No existe un tratamiento que pueda reparar el daño causado por los accidentes cerebrovasculares, lo único que se puede hacer para mejorar la vida de los pacientes es: controlar los síntomas y prestar atención a los factores de riesgo. Los factores de riesgo incluyen: diabetes, tabaquismo, enfermedades cardíacas, hipertensión, etc. También se recomienda prestar atención a una dieta saludable o no beber más de 2 bebidas alcohólicas por día, por ejemplo.

Otras enfermedades

Existen otras enfermedades y trastornos que influyen directa o indirectamente en la función cerebral y provocan deterioro cognitivo, por ejemplo:

  • Enfermedad de Huntington: Es un trastorno genético en el que las neuronas de algunas partes del cerebro tienden a desgastarse. Se hereda de padres a hijos.
    Normalmente esta enfermedad aparece en la edad adulta pero también puede darse en la infancia (menos casos).
  • Esclerosis múltiple: Es una enfermedad autoinmune que afecta el cerebro y la médula espinal. Hay múltiples síntomas, depende de la ubicación y el tamaño del ataque.
  • Parkinson: La enfermedad de Parkinson provoca la muerte de ciertas células del cerebro donde está el control de los movimientos y la coordinación. Con el paso de los años, la progresión de esta enfermedad puede terminar en demencia.
  • Creutzfeldt-Jokob: es un trastorno degenerativo cerebral raro. Los síntomas comienzan a partir de los 60 años: deterioro de la memoria, cambios de comportamiento, problemas visuales y mala coordinación.
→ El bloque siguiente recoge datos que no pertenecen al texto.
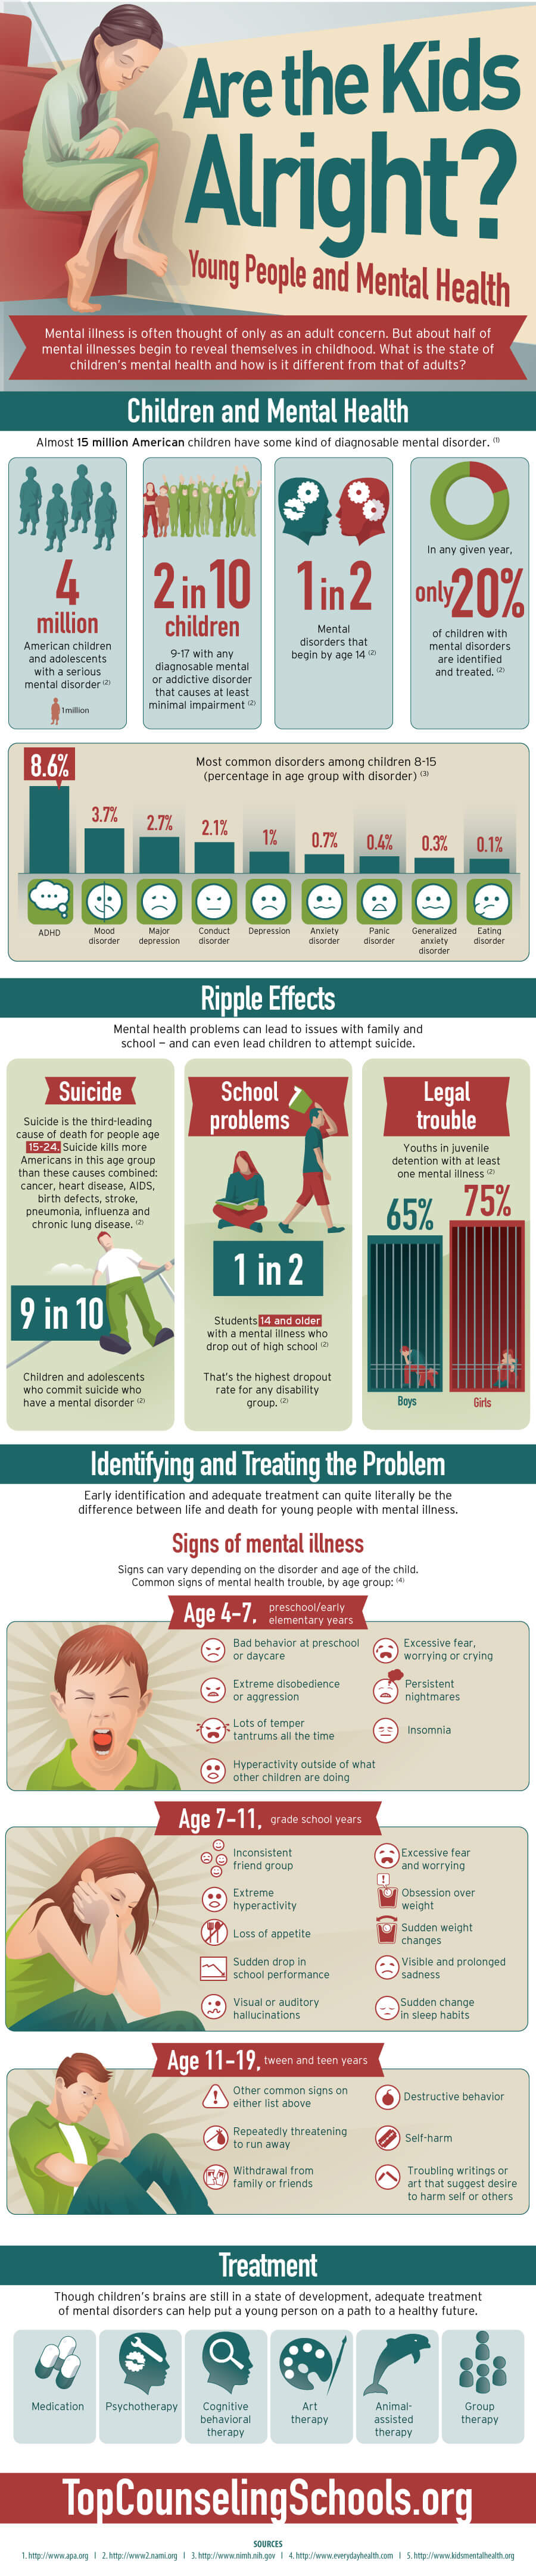 Are the Kids Alright? Young People and Mental Health

Casos ocasionalmente reversibles

Hay algunos casos o trastornos especiales que pueden causar demencia pero que pueden revertirse si se detectan a tiempo. Consulte la siguiente lista para saber cuáles son esas excepciones:

  • Algunas lesiones cerebrales
  • Algunos tumores cerebrales
  • Alcoholismo
  • Algunas infecciones cerebrales
  • Bajos niveles de vitamina B12
  • Cambios en los niveles de azúcar en la sangre, calcio y sodio

3.1.4. Expectativas y prevención

En casi todos los casos de demencia, el pronóstico no es bueno. Como se mencionó anteriormente, no existe cura para el diverso grupo de enfermedades que causa la demencia. Aunque existen algunos tratamientos que pueden ayudar con los síntomas, con el tiempo la situación empeora.
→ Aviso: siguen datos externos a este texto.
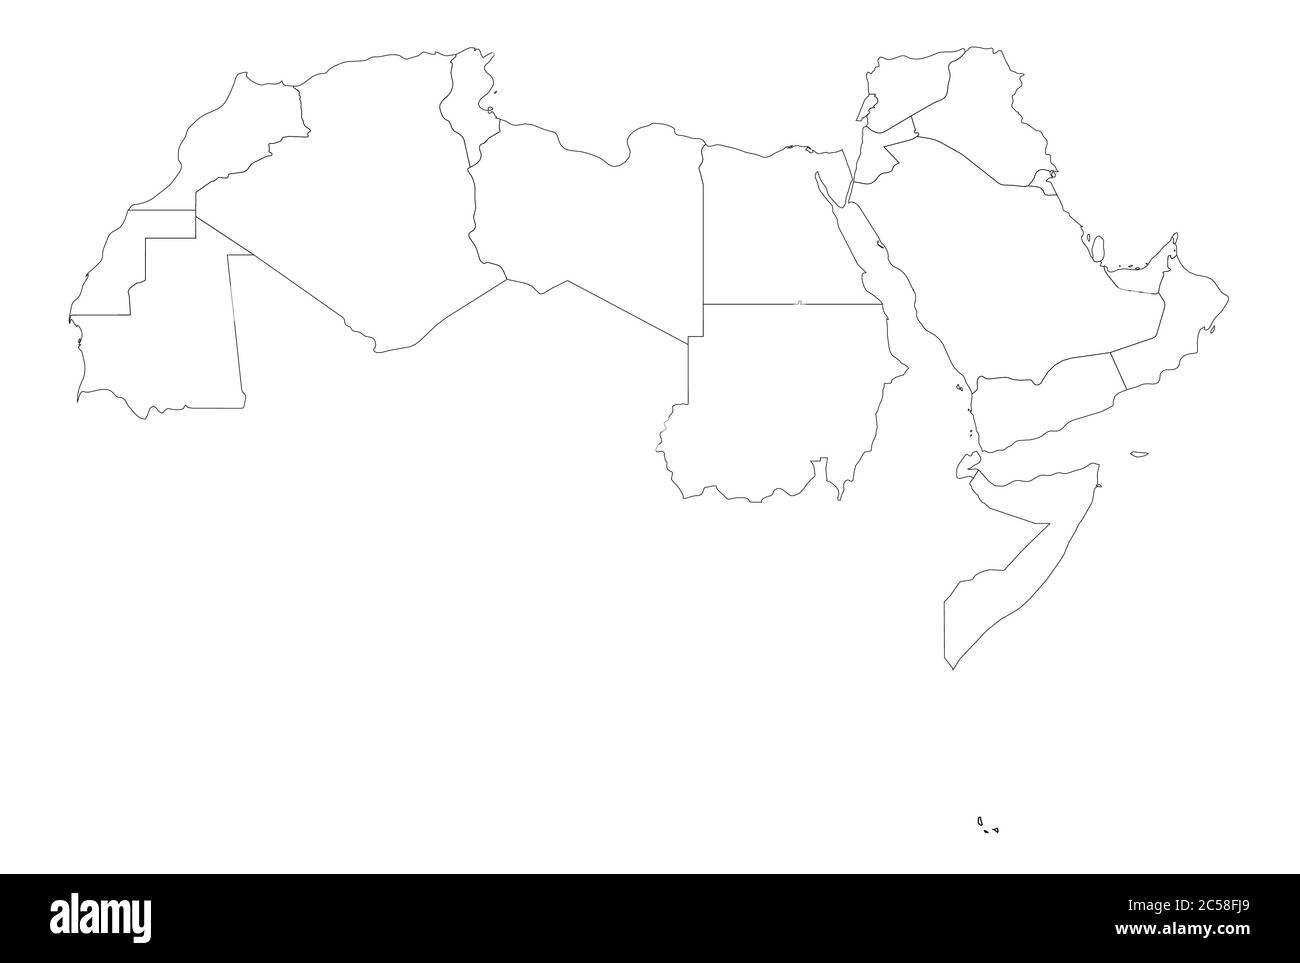 Arab World states political map. 22 arabic-speaking countries of the Arab League. Northern Africa and Middle East region. Vector illustration. Stock Vector

Hay ciertos factores que eventualmente pueden contribuir a la demencia, algunos de esos factores no se pueden cambiar (edad, antecedentes familiares, etc.) pero se pueden considerar otros para reducir el riesgo. Hablando del segundo grupo, a continuación encontrará una lista de los factores de riesgo que pueden ser controlados (en cierto punto) por todos:

  • Dieta y ejercicio.
  • Deficiencias vitamínicas y nutricionales.
  • Consumo excesivo de alcohol.
  • Fumar
  • Factores de riesgo cardiovascular.